◆ **Given information**
--- START ---
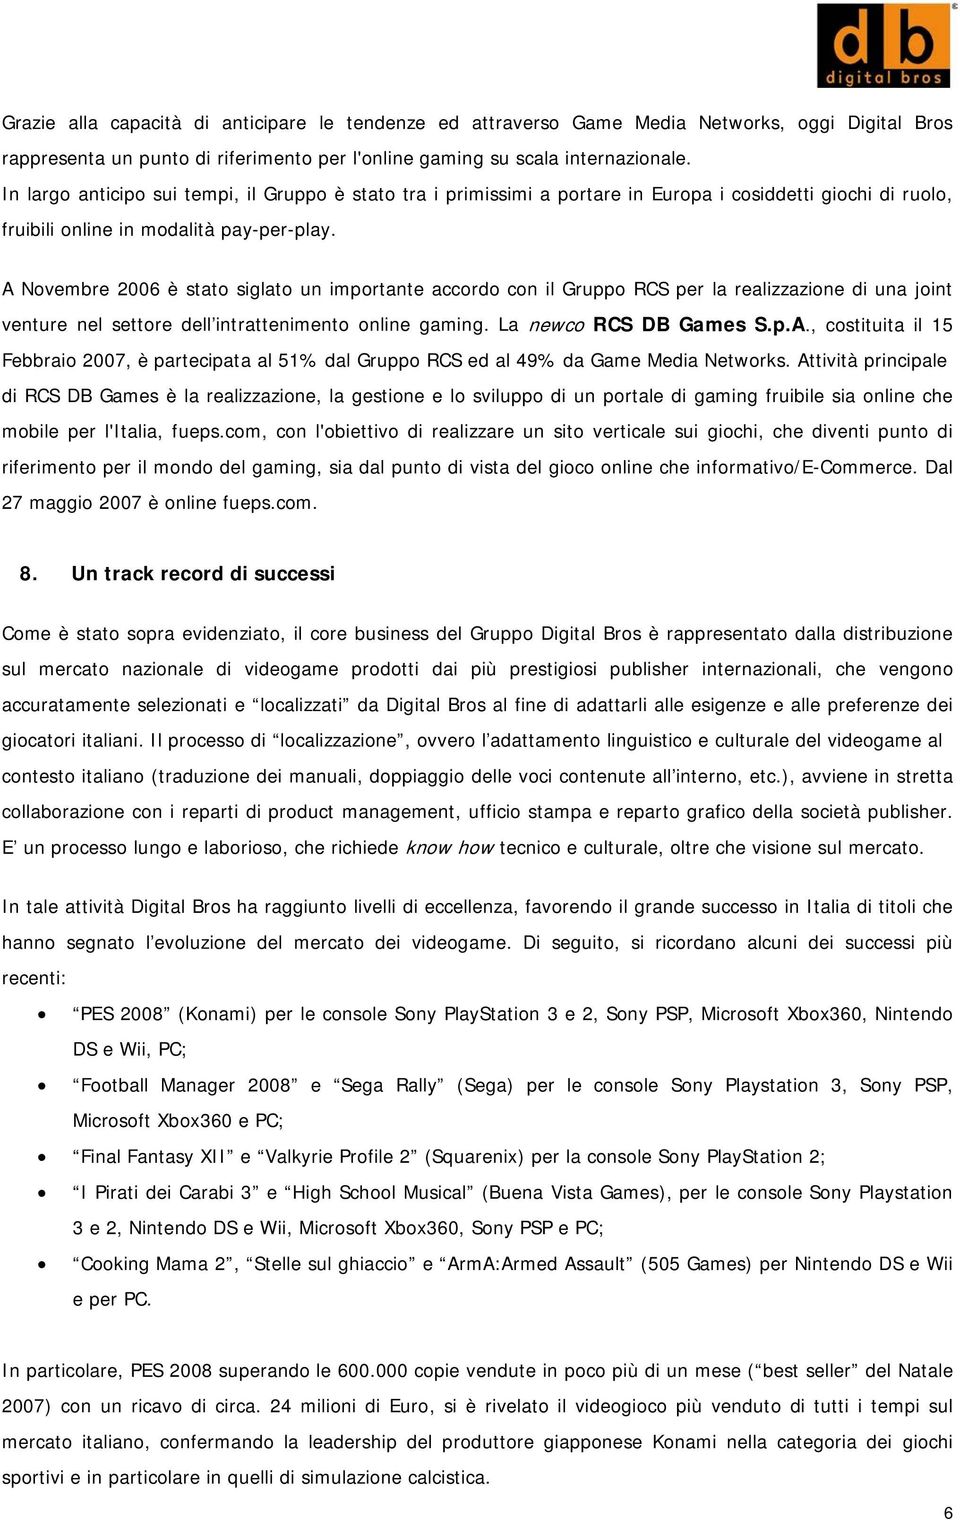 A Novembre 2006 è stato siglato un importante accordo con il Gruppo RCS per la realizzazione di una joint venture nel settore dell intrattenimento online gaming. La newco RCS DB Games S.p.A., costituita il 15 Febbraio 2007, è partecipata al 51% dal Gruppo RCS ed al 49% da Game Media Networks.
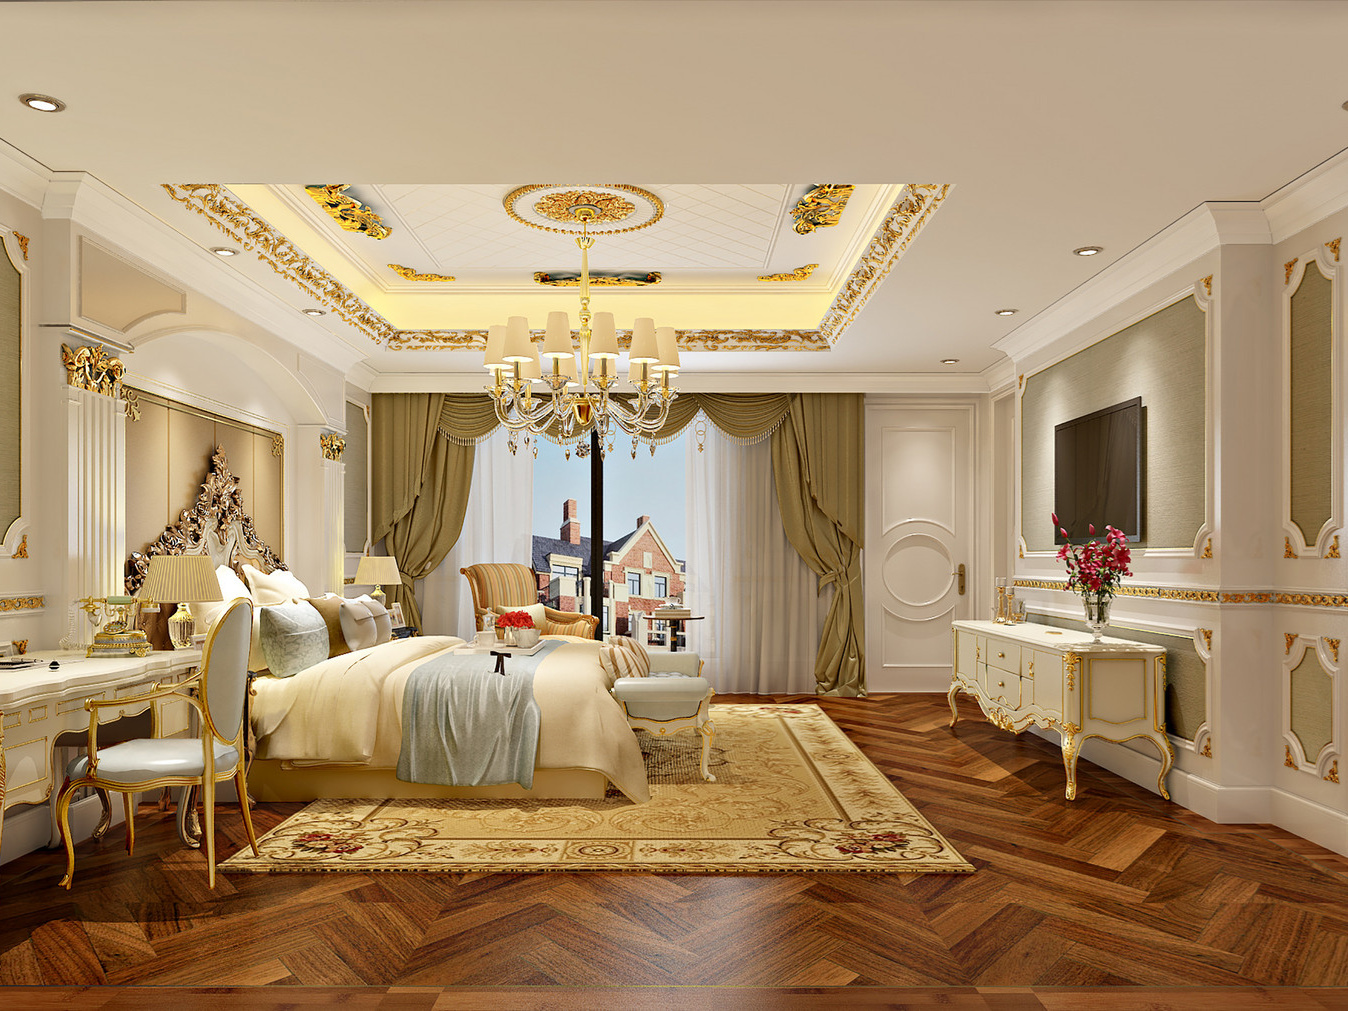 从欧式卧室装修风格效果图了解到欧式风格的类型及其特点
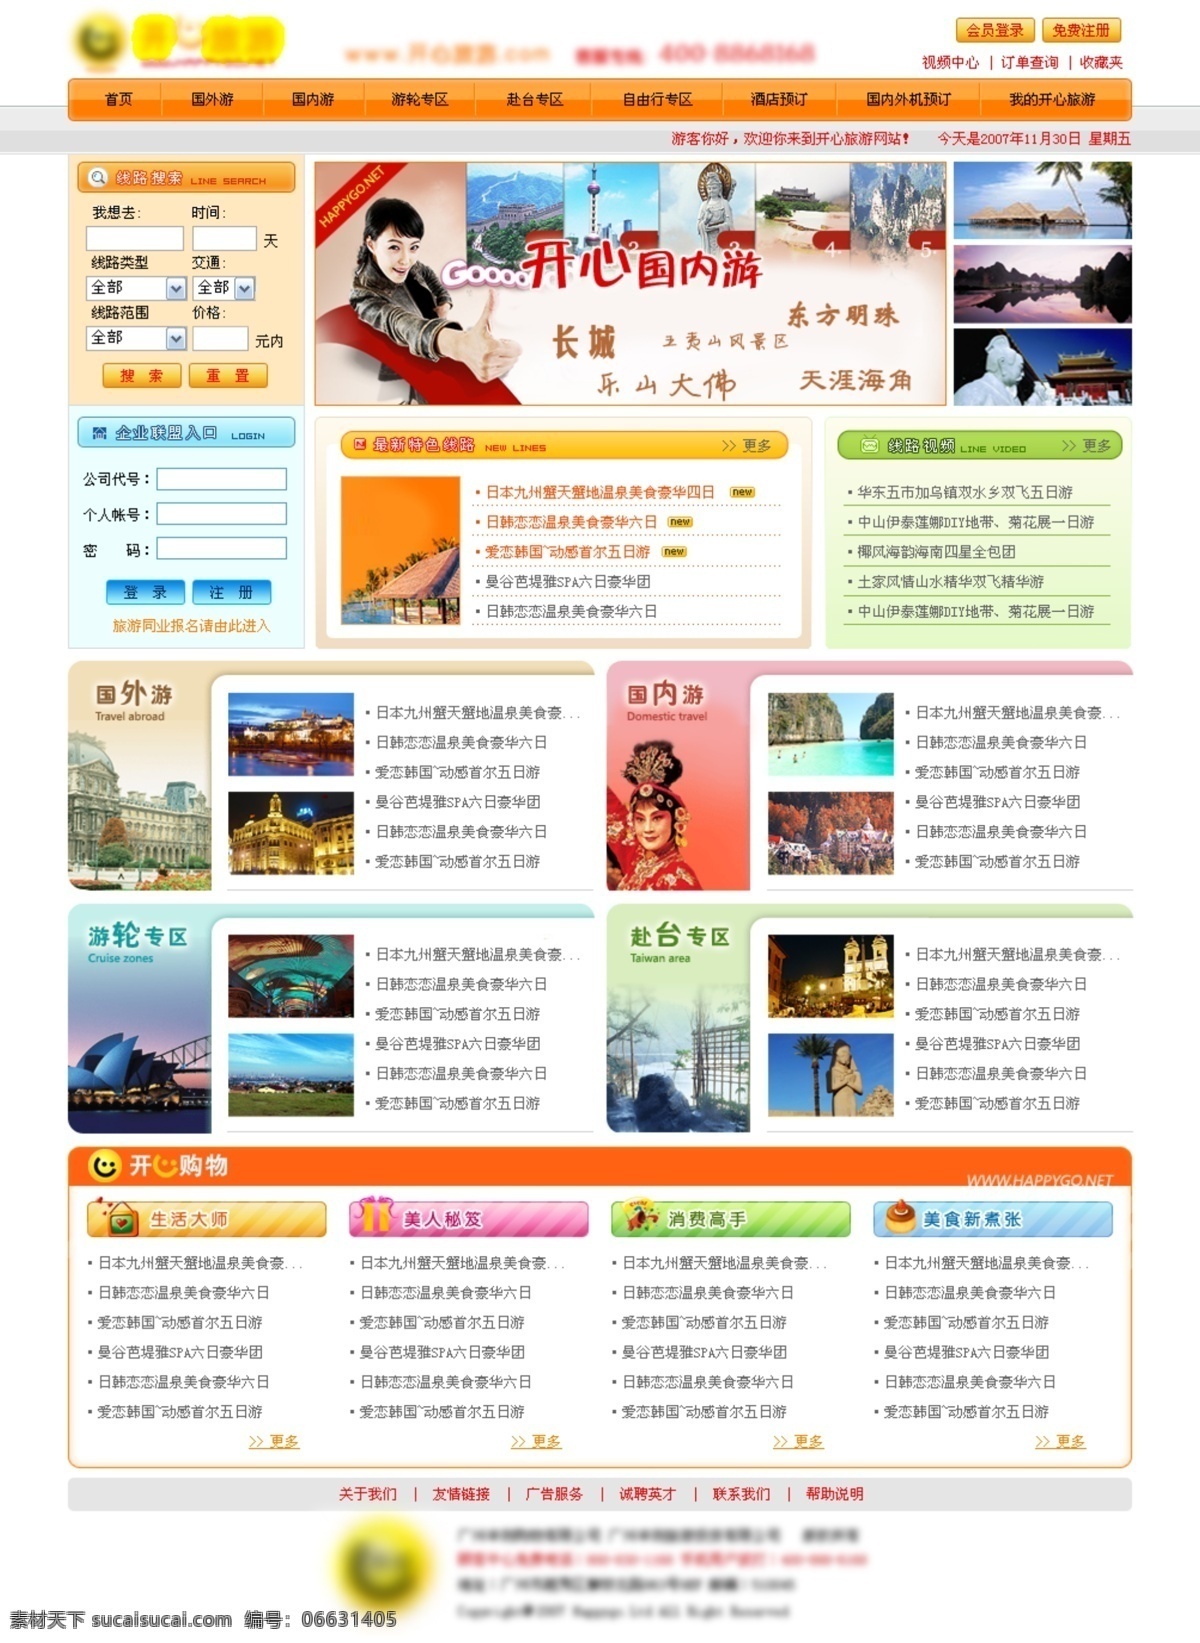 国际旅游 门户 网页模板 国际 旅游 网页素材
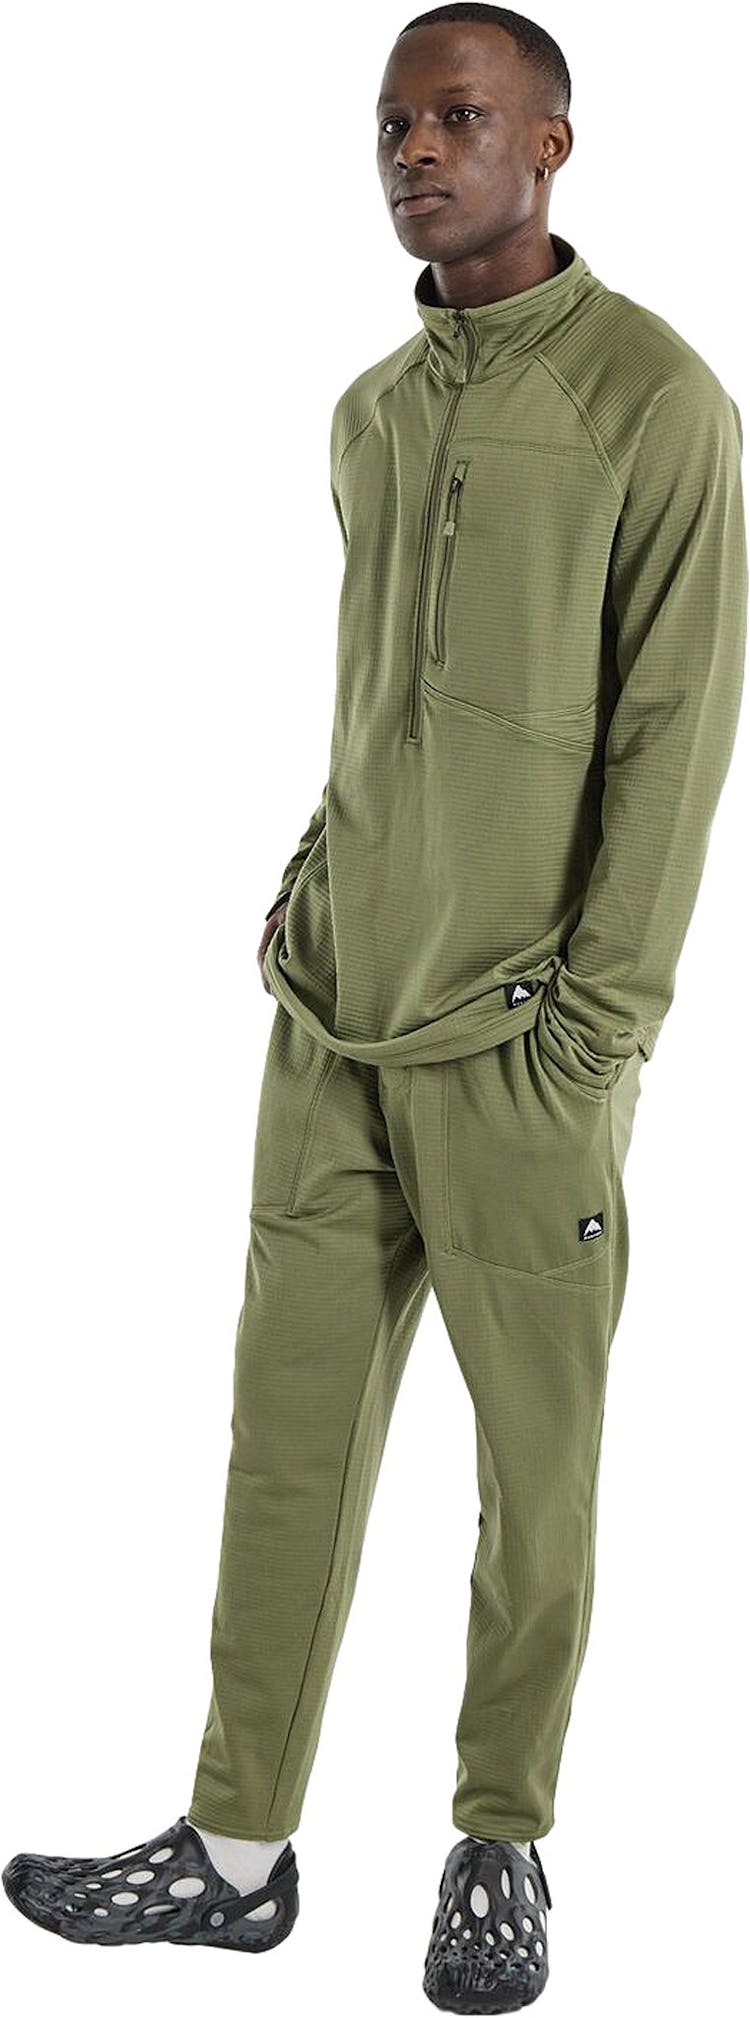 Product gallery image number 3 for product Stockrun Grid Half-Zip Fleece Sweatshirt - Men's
--- END ---
◆ **Assignment**
Word for word, write out the full listing, leaving the pictures aside.

◆ **Result of this exercise**
 A Novembre 2006 è stato siglato un importante accordo con il Gruppo RCS per la realizzazione di una joint venture nel settore dell intrattenimento online gaming. La newco RCS DB Games S.p.A., costituita il 15 Febbraio 2007, è partecipata al 51% dal Gruppo RCS ed al 49% da Game Media Networks.
 从欧式卧室装修风格效果图了解到欧式风格的类型及其特点
 国际旅游 门户 网页模板 国际 旅游 网页素材
 Product gallery image number 3 for product Stockrun Grid Half-Zip Fleece Sweatshirt - Men's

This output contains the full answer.